Assigned task: Return the stretch from the line with "Russell Hobbs logo on coffee machine" through the line with "a portrait of President James Polk" in the data below, character for character, skipping all pictures.

Exercise data:

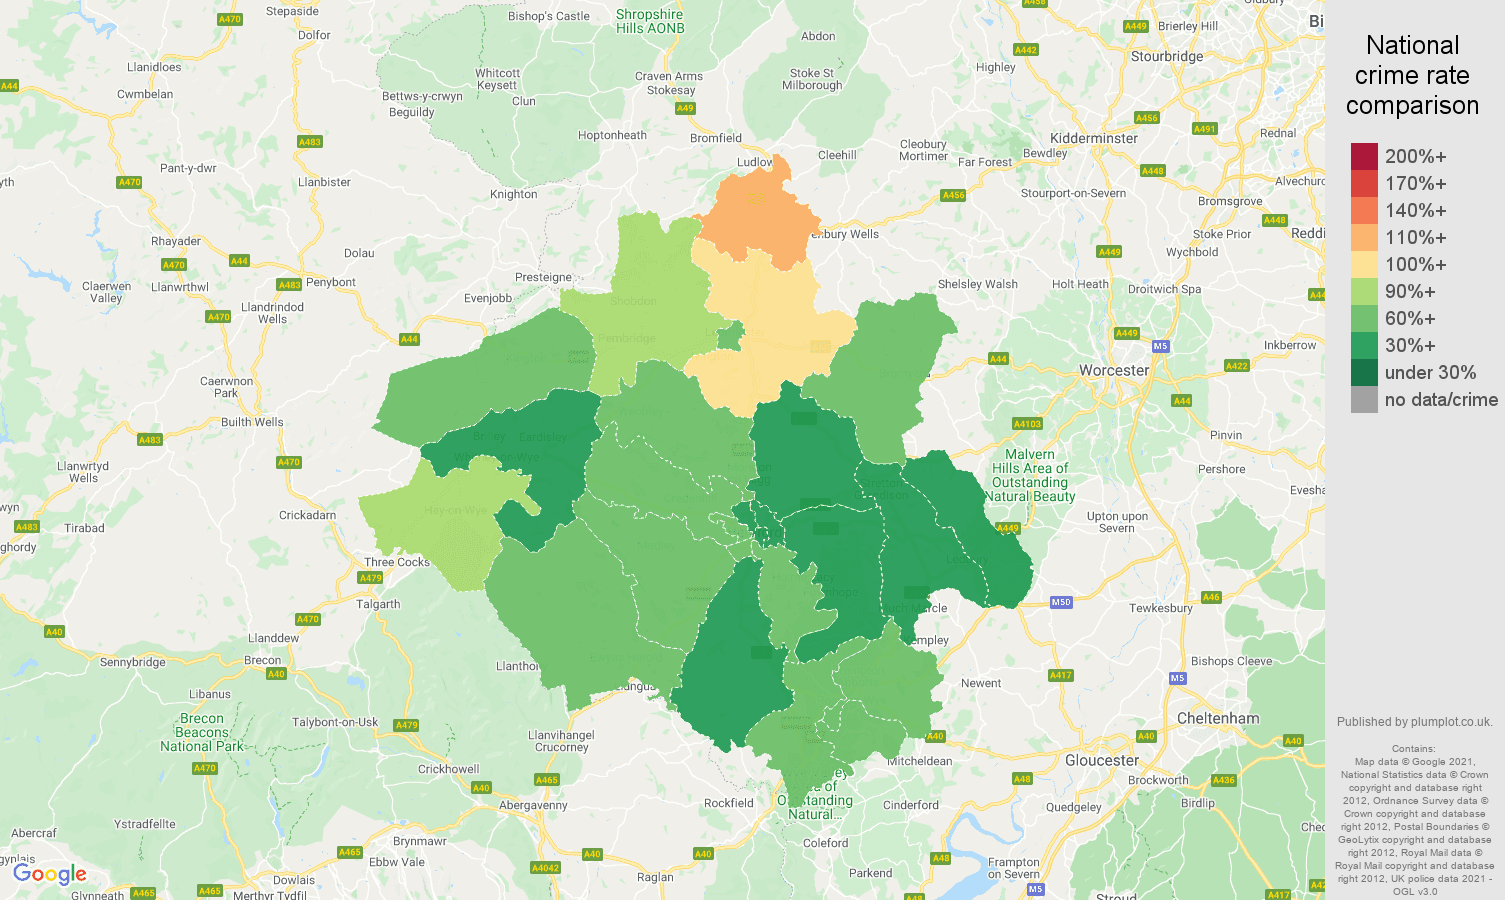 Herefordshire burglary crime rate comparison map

--

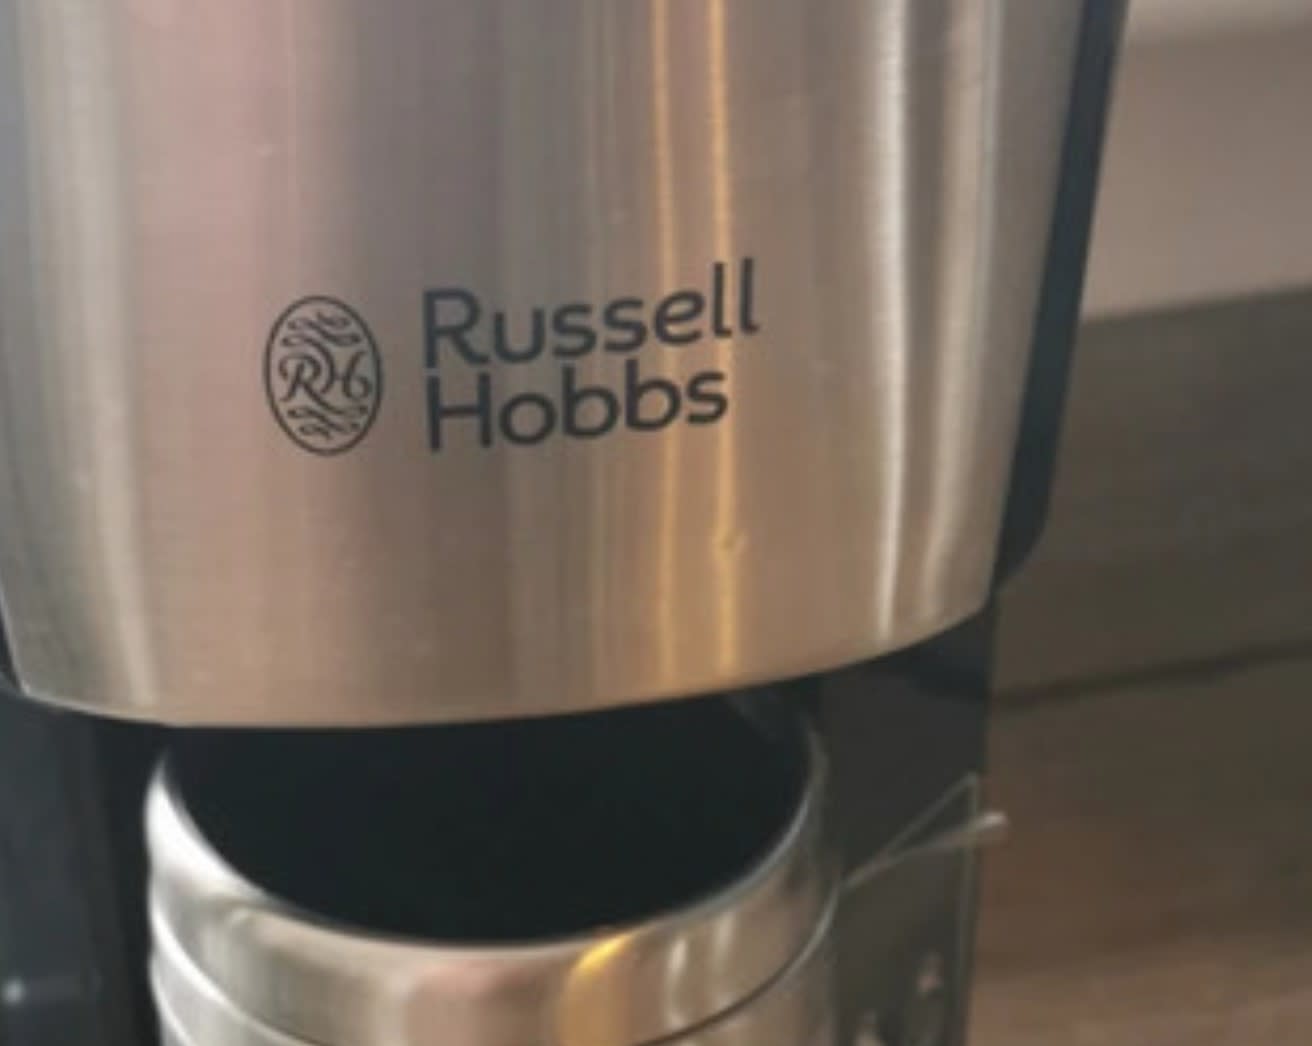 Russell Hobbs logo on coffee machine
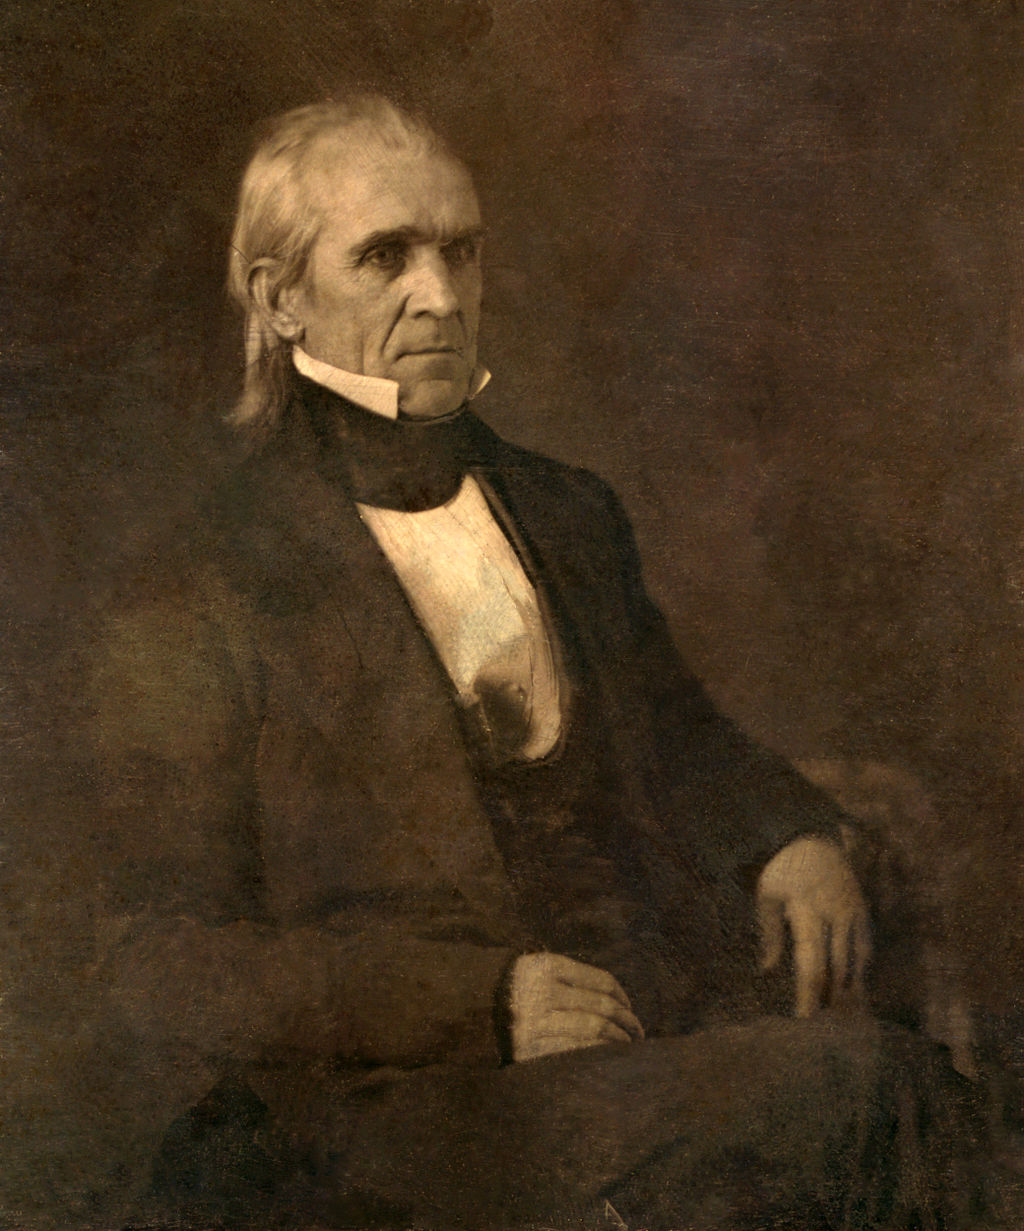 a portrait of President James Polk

---

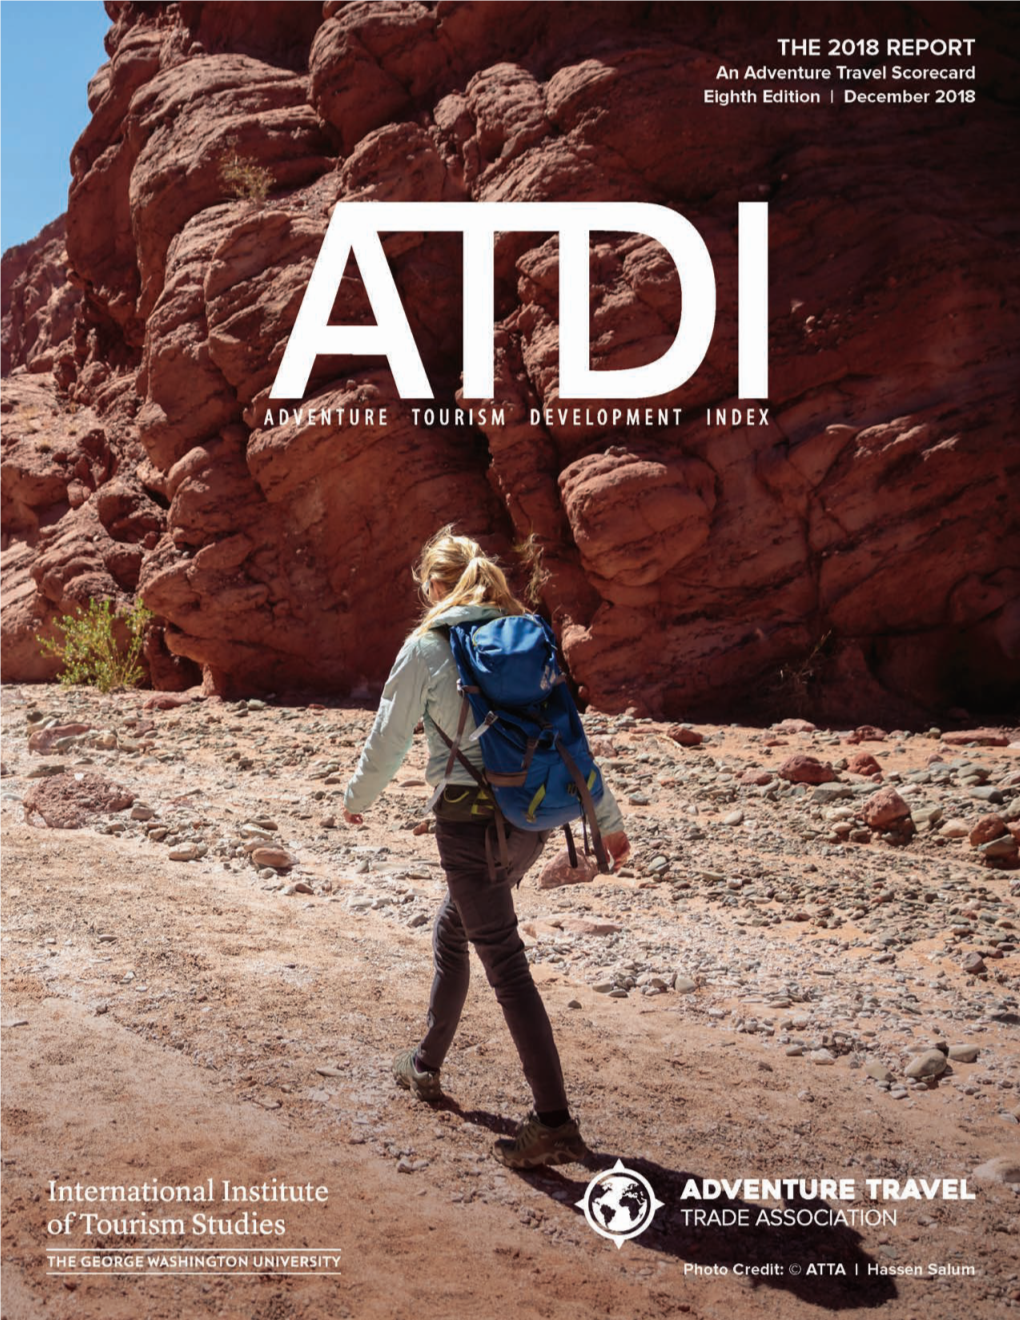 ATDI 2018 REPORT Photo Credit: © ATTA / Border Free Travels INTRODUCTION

Result for this exercise:
 Russell Hobbs logo on coffee machine
 a portrait of President James Polk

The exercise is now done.